Keir Starmer has to do more if he wants to get a foothold in Downing Street

FINALLY Wednesday, I heard a Labor spokesman claim that there had been an earthquake in the opinion polls in our favor.

My immediate reaction was to think, “I wish.”

In a poll for The Sun today on Sunday, Labor leader Keir Starmer remained faltering


In a poll for The Sun today on Sunday, Labor leader Keir Starmer remained falteringCredit: Getty
In his confrontation with Boris Johnson, Sir Keir polled 36% to the PM's 35 points


In his confrontation with Boris Johnson, Sir Keir polled 36% to the PM’s 35 pointsCredit: Getty

The relative improvement in Labour’s fortunes is, quite frankly, the bare minimum we should have expected given what is happening with the Prime Minister and his Government.

In a poll for The Sun Today on Sunday, Labor leader Keir Starmer still faltering.

He will know that his ratings need to improve if he is to get a foothold in Downing Street.

Against Boris JohnsonKeir polled 36% to the PM’s 35.

When the public vote in a general election, they often do so with the shape of the economy – and how much cash they have – in mind.

Remember the saying: “It’s the economy, it’s stupid.”

A formation of Boris and the Chancellor Rishi Sunakagainst Keir and his chief financial officer Rachel Reeves sees them with a very narrow one-point lead.
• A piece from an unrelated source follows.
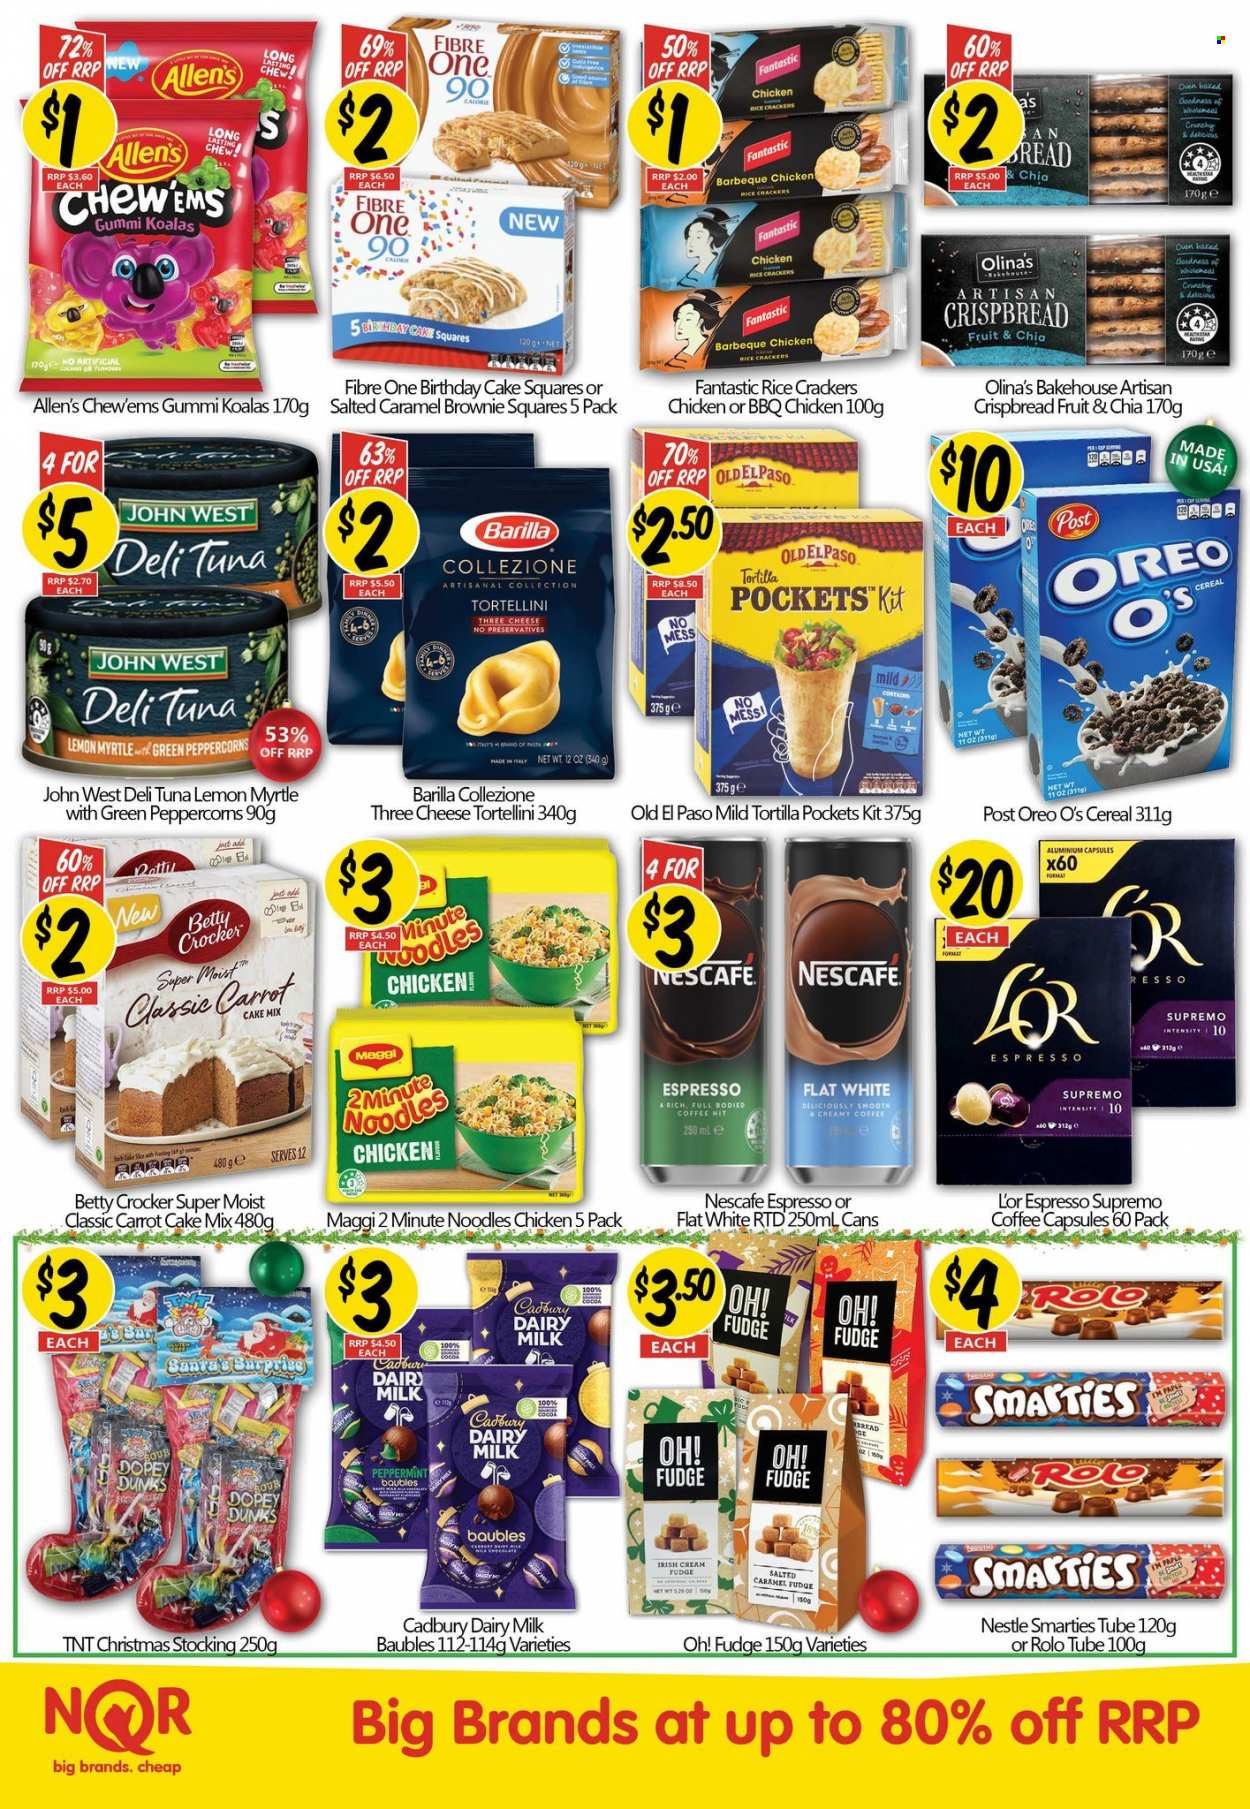 thumbnail - NQR Catalogue - 23 Nov 2022 - 6 Dec 2022 - Sales products - tortillas, Old El Paso, cake squares, birthday cake, crispbread, cake mix, tuna, instant noodles, tortellini, Barilla, noodles, cheese, Oreo, Nestlé, chocolate, Smarties, crackers, Cadbury, Dairy Milk, rice crackers, Maggi, baking mix, cereals, coffee, Nescafé, coffee capsules, L'Or, irish cream, bauble, mouse. Page 2.

This is where Labor needs to make it count to win an election.

For more than 18 months after the December 2019 election, Boris Johnson appeared to be absent.

No matter what he does or says, whatever wrongs have been made and cheaters committed, the shine never seems to fade from this “naughty boy”, as the members The older member of the constituency showed up to see him.

Tens of thousands of people have died in care homes, billions have been wasted on failed Test and Trace systems, friends of friends have been awarded contracts for PPE.

The relevance of all this is that while the disastrous legacy ofBy Jeremy Corbyn The leadership of the Labor party is gradually being replaced by trust, and the hearings for Labour’s front bench are increasing, with only a narrowing of opinion polls – so much so that the two major parties are antiquated. doctor.

It was only after the startling revelations became – to use Boris’s favorite phrase – a wave of accusations about Downing Street parties that polls gradually turned in Labour’s favor.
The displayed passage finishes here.